Start of Block

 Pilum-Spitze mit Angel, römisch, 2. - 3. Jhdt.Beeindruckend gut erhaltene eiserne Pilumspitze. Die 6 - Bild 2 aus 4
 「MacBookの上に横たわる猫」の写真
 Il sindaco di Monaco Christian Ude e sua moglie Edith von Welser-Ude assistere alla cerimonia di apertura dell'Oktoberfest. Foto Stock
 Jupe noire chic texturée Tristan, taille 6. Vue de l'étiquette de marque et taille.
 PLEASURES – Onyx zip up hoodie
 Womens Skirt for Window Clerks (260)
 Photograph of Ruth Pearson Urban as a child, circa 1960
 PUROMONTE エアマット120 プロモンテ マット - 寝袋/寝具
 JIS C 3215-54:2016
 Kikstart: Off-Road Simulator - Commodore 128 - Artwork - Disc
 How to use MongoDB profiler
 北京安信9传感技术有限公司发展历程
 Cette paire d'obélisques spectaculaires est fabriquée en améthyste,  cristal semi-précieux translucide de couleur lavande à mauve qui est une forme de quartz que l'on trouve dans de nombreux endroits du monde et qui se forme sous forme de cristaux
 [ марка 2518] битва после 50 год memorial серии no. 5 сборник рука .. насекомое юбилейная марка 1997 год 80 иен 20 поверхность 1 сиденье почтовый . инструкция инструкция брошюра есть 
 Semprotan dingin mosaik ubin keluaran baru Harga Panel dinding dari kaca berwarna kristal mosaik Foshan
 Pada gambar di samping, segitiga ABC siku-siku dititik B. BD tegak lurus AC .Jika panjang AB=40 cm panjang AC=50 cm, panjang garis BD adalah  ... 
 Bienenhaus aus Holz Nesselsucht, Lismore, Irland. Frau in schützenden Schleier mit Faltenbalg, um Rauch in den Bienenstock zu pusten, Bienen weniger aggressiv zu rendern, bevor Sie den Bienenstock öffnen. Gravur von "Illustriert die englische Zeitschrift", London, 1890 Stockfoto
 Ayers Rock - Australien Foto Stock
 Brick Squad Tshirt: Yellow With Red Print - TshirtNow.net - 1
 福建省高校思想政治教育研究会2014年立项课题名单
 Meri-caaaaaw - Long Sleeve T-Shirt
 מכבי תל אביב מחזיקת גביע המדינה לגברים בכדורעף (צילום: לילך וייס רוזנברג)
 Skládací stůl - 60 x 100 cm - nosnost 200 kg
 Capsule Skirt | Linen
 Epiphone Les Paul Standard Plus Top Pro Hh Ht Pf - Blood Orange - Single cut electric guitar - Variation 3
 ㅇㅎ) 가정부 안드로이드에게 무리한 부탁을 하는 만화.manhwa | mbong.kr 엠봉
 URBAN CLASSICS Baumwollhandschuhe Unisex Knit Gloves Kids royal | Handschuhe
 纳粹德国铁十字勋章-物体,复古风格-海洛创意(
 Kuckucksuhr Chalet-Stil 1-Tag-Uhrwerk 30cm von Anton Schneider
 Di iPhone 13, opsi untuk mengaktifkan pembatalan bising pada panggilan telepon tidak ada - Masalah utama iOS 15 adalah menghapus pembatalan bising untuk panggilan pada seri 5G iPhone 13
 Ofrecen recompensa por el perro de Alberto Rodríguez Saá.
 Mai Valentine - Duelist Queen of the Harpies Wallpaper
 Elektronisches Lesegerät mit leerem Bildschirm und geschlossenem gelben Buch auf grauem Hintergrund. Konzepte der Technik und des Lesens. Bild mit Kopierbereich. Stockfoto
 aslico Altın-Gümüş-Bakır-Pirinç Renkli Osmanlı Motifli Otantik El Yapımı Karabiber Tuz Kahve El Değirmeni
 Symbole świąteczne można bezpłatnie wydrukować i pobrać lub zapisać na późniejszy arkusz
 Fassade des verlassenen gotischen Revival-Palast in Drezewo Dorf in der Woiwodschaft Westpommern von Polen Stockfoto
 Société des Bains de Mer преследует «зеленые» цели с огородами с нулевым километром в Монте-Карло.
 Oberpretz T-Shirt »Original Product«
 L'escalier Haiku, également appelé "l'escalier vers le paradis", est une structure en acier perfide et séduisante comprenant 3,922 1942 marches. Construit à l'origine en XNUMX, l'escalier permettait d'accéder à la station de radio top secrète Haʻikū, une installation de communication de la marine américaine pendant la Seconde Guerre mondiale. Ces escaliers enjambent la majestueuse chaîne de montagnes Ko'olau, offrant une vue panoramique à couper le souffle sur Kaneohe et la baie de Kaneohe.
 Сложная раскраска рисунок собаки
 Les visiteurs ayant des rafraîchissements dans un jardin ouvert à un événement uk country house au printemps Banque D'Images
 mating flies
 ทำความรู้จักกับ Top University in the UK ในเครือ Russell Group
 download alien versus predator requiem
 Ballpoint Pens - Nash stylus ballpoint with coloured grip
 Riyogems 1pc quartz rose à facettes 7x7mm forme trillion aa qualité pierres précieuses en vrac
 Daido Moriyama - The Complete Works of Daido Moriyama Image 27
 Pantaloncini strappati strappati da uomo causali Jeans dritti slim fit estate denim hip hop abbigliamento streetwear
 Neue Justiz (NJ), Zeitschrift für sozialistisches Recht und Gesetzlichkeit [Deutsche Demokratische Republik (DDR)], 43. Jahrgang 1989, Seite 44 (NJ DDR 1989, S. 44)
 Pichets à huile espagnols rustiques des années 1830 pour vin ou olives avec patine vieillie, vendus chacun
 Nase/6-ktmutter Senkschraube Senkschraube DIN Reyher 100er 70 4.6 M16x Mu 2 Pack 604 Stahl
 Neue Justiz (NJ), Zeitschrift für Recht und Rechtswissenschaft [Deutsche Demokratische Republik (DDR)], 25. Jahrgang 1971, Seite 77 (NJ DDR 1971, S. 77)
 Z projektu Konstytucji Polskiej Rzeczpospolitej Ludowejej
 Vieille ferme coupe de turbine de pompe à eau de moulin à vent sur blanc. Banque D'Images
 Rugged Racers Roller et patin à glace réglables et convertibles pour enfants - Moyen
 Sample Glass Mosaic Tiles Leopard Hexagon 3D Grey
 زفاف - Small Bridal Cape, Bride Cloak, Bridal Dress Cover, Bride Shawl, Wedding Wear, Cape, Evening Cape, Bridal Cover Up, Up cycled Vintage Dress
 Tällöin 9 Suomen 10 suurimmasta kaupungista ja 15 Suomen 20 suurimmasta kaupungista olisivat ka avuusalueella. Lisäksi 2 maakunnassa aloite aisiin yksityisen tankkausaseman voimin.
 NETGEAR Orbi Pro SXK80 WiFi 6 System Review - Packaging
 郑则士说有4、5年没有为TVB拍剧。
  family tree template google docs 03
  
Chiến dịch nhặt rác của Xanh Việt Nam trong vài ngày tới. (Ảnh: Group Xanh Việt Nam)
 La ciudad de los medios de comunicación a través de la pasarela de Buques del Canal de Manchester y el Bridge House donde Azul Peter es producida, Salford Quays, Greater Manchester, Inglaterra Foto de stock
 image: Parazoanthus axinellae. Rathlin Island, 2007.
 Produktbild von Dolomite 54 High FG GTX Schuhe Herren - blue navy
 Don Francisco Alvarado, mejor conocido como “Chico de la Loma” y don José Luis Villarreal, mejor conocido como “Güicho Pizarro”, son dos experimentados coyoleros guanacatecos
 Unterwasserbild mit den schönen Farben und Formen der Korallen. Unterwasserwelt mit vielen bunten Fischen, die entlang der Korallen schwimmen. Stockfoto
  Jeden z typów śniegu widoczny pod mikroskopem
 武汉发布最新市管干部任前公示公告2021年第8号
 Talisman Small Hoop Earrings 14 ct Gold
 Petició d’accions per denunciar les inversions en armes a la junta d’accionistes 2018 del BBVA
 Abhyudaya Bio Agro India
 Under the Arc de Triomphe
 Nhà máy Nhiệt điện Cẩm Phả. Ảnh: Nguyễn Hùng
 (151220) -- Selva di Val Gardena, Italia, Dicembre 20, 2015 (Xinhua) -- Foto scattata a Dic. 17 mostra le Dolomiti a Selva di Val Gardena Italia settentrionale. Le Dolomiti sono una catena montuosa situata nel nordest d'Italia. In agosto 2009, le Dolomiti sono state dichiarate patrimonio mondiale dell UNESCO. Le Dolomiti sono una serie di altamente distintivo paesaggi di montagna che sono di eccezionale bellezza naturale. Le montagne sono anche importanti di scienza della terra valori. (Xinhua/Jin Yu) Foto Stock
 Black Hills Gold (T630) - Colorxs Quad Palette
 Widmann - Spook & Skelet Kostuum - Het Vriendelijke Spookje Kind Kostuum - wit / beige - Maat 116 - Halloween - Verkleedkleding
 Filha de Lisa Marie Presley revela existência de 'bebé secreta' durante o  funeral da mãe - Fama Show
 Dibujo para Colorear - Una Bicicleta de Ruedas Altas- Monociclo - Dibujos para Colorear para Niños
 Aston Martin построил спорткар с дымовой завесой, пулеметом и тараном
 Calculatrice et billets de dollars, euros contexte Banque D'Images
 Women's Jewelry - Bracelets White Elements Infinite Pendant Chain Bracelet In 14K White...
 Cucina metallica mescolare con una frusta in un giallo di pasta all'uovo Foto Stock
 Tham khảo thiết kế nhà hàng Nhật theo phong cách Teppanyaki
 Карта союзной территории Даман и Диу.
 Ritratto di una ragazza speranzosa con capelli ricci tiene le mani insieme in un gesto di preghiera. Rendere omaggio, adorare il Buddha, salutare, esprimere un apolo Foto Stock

End of Block

● DESCRIPTION OF THE TASK:
Repeat word for word the lines above that run from the line containing "福建省高校思想政治教育研究会2014年立项课题名单" through the line containing "aslico Altın-Gümüş-Bakır-Pirinç Renkli", both ends included, and nothing else.

● RESPONSE AREA:
 福建省高校思想政治教育研究会2014年立项课题名单
 Meri-caaaaaw - Long Sleeve T-Shirt
 מכבי תל אביב מחזיקת גביע המדינה לגברים בכדורעף (צילום: לילך וייס רוזנברג)
 Skládací stůl - 60 x 100 cm - nosnost 200 kg
 Capsule Skirt | Linen
 Epiphone Les Paul Standard Plus Top Pro Hh Ht Pf - Blood Orange - Single cut electric guitar - Variation 3
 ㅇㅎ) 가정부 안드로이드에게 무리한 부탁을 하는 만화.manhwa | mbong.kr 엠봉
 URBAN CLASSICS Baumwollhandschuhe Unisex Knit Gloves Kids royal | Handschuhe
 纳粹德国铁十字勋章-物体,复古风格-海洛创意(
 Kuckucksuhr Chalet-Stil 1-Tag-Uhrwerk 30cm von Anton Schneider
 Di iPhone 13, opsi untuk mengaktifkan pembatalan bising pada panggilan telepon tidak ada - Masalah utama iOS 15 adalah menghapus pembatalan bising untuk panggilan pada seri 5G iPhone 13
 Ofrecen recompensa por el perro de Alberto Rodríguez Saá.
 Mai Valentine - Duelist Queen of the Harpies Wallpaper
 Elektronisches Lesegerät mit leerem Bildschirm und geschlossenem gelben Buch auf grauem Hintergrund. Konzepte der Technik und des Lesens. Bild mit Kopierbereich. Stockfoto
 aslico Altın-Gümüş-Bakır-Pirinç Renkli Osmanlı Motifli Otantik El Yapımı Karabiber Tuz Kahve El Değirmeni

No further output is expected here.